Rapimnas atau Rapat Pimpinan Nasional merupakan agenda rutin dua tahunan yang dilakukan dalam satu periode kepemimpinan pusat Himpunan Mahasiswa Buddhis Indonesia (HIKMAHBUDHI). Rapimnas diikuti oleh ketua umum dan sekjen serta seluruh cabang Hikmahbudhi. Rapimnas biasanya dilakukan sebelum menuju kongres atau pergantian kepemimpinan pada kepengurusan pusat Hikmahbudhi.

Dengan mengusung tema “Konsolidasi Nasional Meneguhkan Ideologi Hikmahbudhi”, Rapimnas XI Hikmahbudhi kali ini digelar pada tanggal 10-12 September 2016 berlokasi di Camp David Resort, Puncak, Bogor. Agenda nasional Hikmahbudhi ini diikuti oleh 26 orang dari seluruh cabang Hikmahbudhi.

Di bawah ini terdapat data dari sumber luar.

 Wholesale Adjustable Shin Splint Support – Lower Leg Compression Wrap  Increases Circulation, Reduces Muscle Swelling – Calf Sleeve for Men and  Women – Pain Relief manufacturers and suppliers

Dalam waktu yang singkat, para mahasiswa Buddhis ini berkonsolidasi dan berdiskusi, saling jajak pendapat dan bertukar pikiran. Banyak hal yang dibahas dalam Rapimnas kali ini mulai dari masalah nasional sampai masalah internal komunitas. Mungkin kegiatan seperti ini jarang ditemui pada kalangan pemuda Buddhis.

Ada tiga tema besar yang diangkat dan dibagi ke dalam tiga komisi, antara lain membahas ulang AD/ART Hikmahbudhi, kaderisasi, dan evaluasi terhadap komunitas Buddhis. Evaluasi dan rekomendasi menjadi pembahasan yang paling panjang, karena secara keseluruhan posisi komunitas Buddhis masih sangat lemah dan masih banyak PR di sana-sini yang harus dikerjakan. Banyak kritik yang harus menjadi refleksi untuk komunitas Buddhis di Indonesia.

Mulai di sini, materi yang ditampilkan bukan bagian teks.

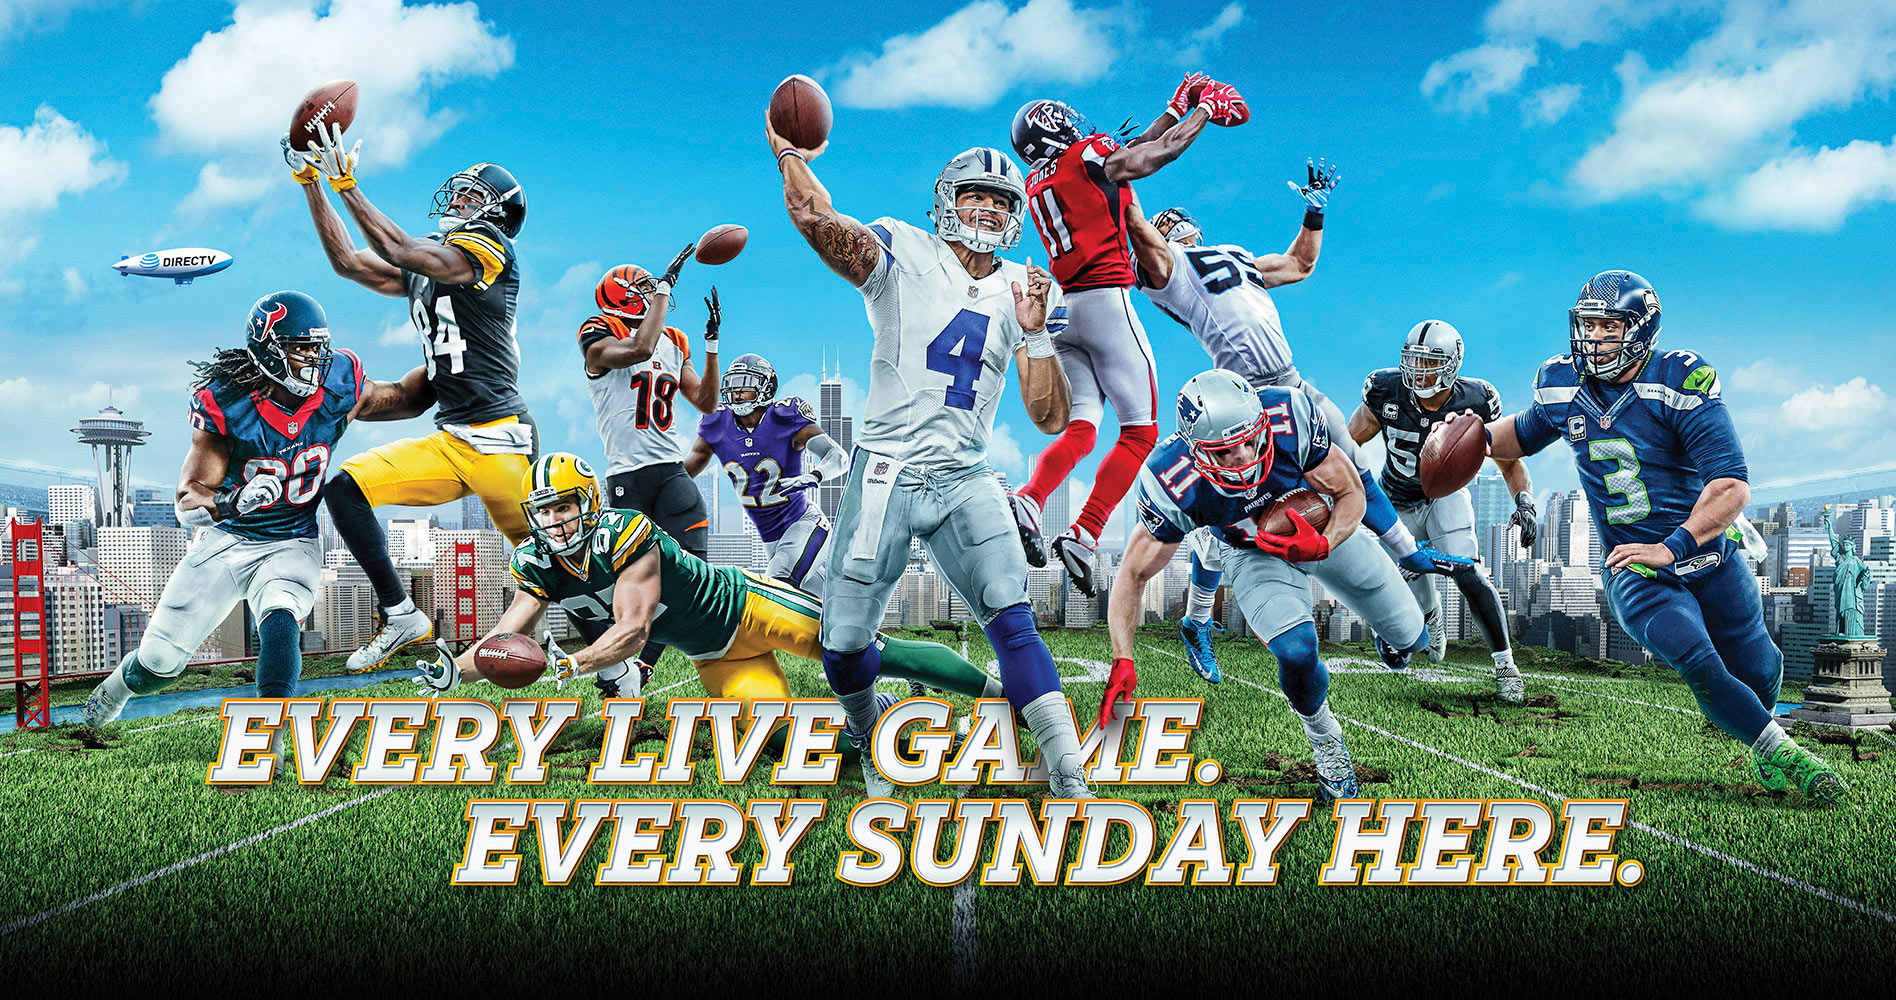 4. Military Discounts for NFL Sunday Ticket - wide 6

Contohnya dalam dua organisasi Buddhis terbesar semakin hari semakin mengalami kemunduran. Macetnya regenerasi dan stagnan dalam kinerja harus segera diselesaikan untuk membangun kembali pondasi yang kokoh. Jika tidak segera diselesaikan akan membuat macetnya pertumbuhan komunitas Buddhis di kancah nasional.

Persoalan korupsi yang menimpa Direktorat Jenderal Bimas Buddha Kemenag RI pada pertengahan tahun 2016 juga menyita perhatian. Kasus ini membuktikan bahwa Ditjen Bimas Buddha belum bisa menjadi badan yang transparan dan akuntabel. Hikmahbudhi memberikan rekomendasi agar posisi Dirjen dilelang untuk umum, agar ada harapan bahwa Ditjen Bimas Buddha bisa lebih berintegritas, berkompeten, transparan, dan akuntabel.

Dalam evaluasi ini juga membahas kejadian Wonosobo dan Tanjung Balai. Kejadian ini seharusnya menjadi refleksi agar komunitas Buddhis mempunyai lembaga advokasi. Lembaga advokasi bersama, atas kebutuhan bersama, diperjuangkan bersama, dan untuk kepentingan umat Buddha secara bersama. Dengan adanya lembaga advokasi Buddhis maka akan terciptanya harapan besar agar umat mendapatkan bantuan hukum secara layak, memadai, dan mudah diakses.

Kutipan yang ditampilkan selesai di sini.